Pre-built customizable application logic
With more than two dozen pre-built Hadoop Apps, InfoSphere BigInsights helps firms
quickly benefit from their big data platform. Apps include web crawling, data
import/export, data sampling, social media data collection and analysis, machine data
processing and analysis, ad hoc queries, and more. All of these Apps are shipped with full
access to their source code; serving as a launching pad to customize, extend or develop
your own. What’s more, we empower the delivery of these Apps to the enterprise; quite
simply, if you’re familiar with how you invoke and discover Apps on an iPad, then
you’ve got the notion here. We essentially allow you to set up your own ‘App Store”
where users can invoke Apps and manage their run-time, thereby flattening the
deployability costs and driving up the democratization effect. It finds another level yet!
While your core Hadoop experts and programmers can create these discrete Apps, much
like SOA, we enable power users to build their own logic by orchestrating these logic
Apps into full blown applications. For example, if you wanted to grab data from a service
such as BoardReader and merge that with some relational data, then perform a
transformation on that data and run an R script on that – it’s as easy as dragging these Apps from the Apps Palette and connecting them.
There’s also a set of solution accelerators: these are extensive toolkits with dozens of prebuilt
software artifacts that can be customized and used together to quickly build tailormade
solutions for some of the more common kinds of big data analysis.
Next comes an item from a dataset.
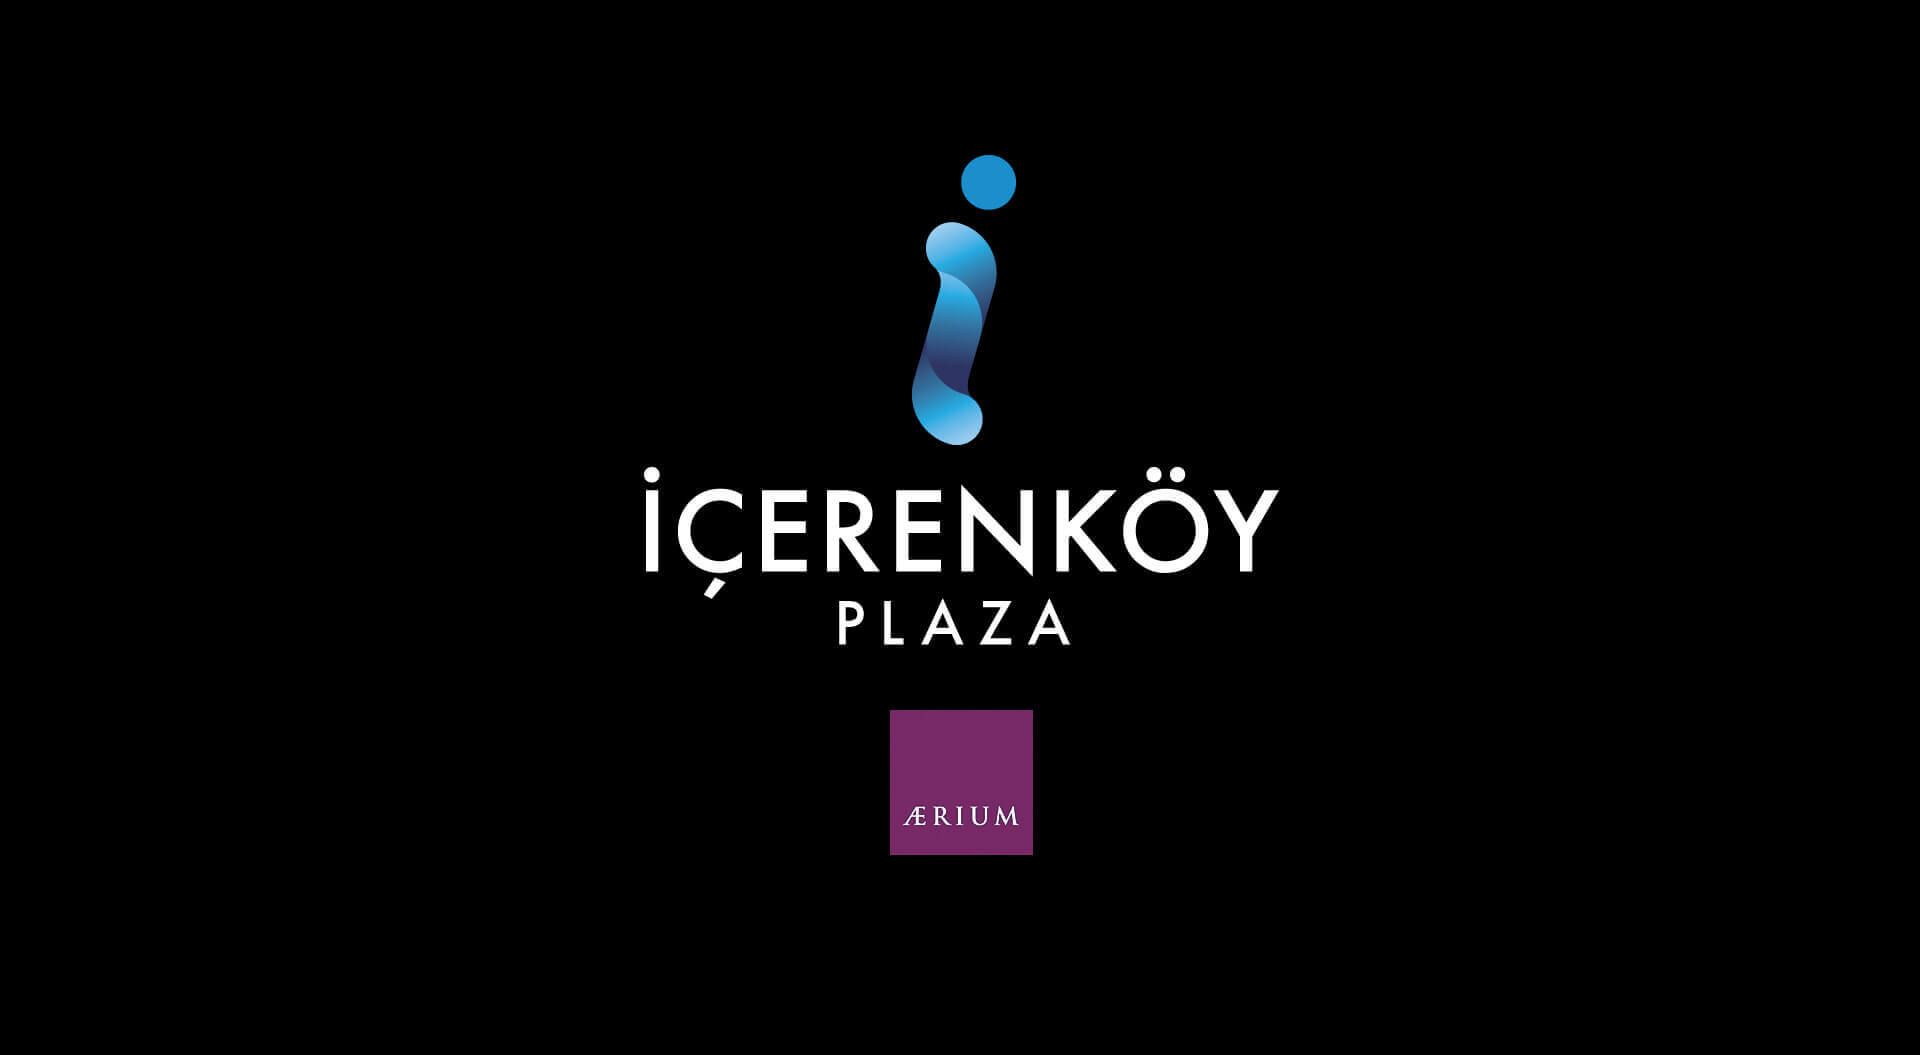 Icerenkoy shopping mall Istanbul Turkey brand identity

There is a
solution accelerator for machine data (handles data ingest, indexing and search,
sessionization of log data, and statistical analysis), social data (handles ingestion from
social sources like Twitter, analyses historical messages to build social profiles, and
provides framework for in-motion analysis based on historical profiles), and one for
telco-based CDR data.
Spreadsheet-style analysis tool
What’s the most popular BI tool in the world? Likely some form of spreadsheet software.
So to keep business analysts and non-programmers in their comfort zone BigInsights
includes a Web-based spreadsheet-like discovery and visualization facility called
BigSheets. BigSheets lets users visually combine and explore various types of data to
identify “hidden” insights without having to understand the complexities of parallel
computing. Under the covers, it’s generating Pig jobs. BigSheets also lets you run jobs on
a sample of the data, which is really important because in the big data world, you could
be dealing with a lot of data, so why chew up that resource until you’re sure the job
you’ve created works as intended.
Advanced Text Analytics Toolkit
BigInsights helps customers analyze large volumes of documents and messages with its
built-in text-processing engine and library of context-sensitive extractors. This includes a
complete end-to-end development environment that plugs into the Eclipse IDE and offers
a perspective to build text extraction programs that run on data stored in Hadoop. In the
same manner that SQL declarative languages transformed the ability to work with
relational data, IBM has introduced the Annotated Query Language (AQL) for text
extraction, which is similar in look and feel to SQL. Using AQL and the accompanying
IDE, power users can build all kinds of text extraction processes for whatever the task is
at hand (social media analysis, classification of error messages, blog analysis, and so on).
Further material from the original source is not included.